Metal-organic vapor phase epitaxy of crystallographically oriented MnP magnetic nanoclusters embedded in GaP(001)

Abstract

Hybrid ferromagnetic-semiconductor GaP:MnP thin films were grown at 650 °C by metal-organic vapor phase epitaxy on GaP(001) using trimethylgallium, tertiarybutylphosphine, and methyl cyclopentadienyl manganese tricarbonyl (MCTMn). Overall Mn concentrations in the hybrid films, determined by Rutherford backscattering spectrometry, were found to be nearly proportional to the MCTMn precursor gas flow rate and ranged from 2 to 3.5 at. %. Cross-sectional transmission electron microscopy (TEM) analyses revealed the presence of a homogeneous distribution of 15–30 nm wide nanoclusters in a dislocation-free GaP matrix that is fully coherent with the substrate.
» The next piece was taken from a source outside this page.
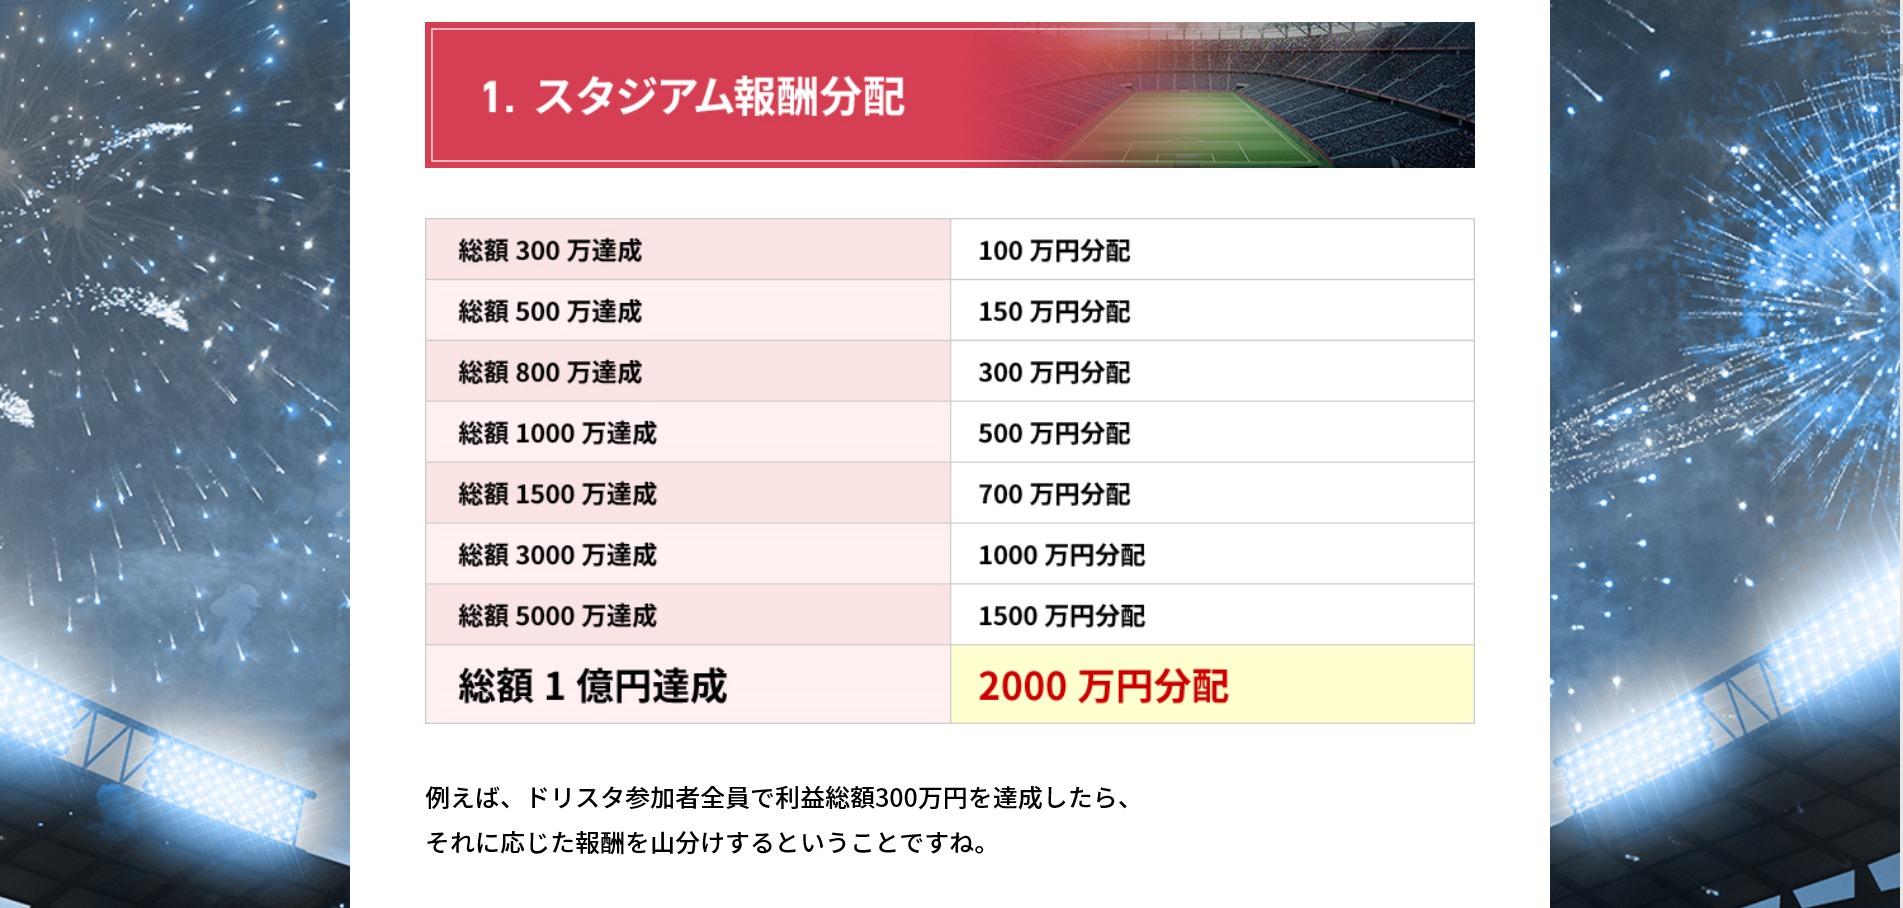 渡辺MASAのDREAMスタジアム(ドリスタ)新感覚、完全参加型BIGイベント?最大総額2000万円を参加者全員に山分けとは!?

The nanocluster facets are predominantly aligned along the (220) planes of the GaP matrix and selected-area electron diffraction patterns in TEM indicate that the nanoclusters are coherent (or semicoherent) with the single-crystal GaP matrix. The Mn:P composition ratio in the nanoclusters was determined to be 1.00±0.05 from parallel electron energy loss spectroscopy analyses. Increasing the MCTMn flow rate during film growth resulted in an increased concentration of MnP nanoclusters in the epilayer while their dimensions remained virtually unchanged. Magnetometric characterization indicates a ferromagnetic order, with a Curie temperature of about 294 K, originating from the MnP clusters.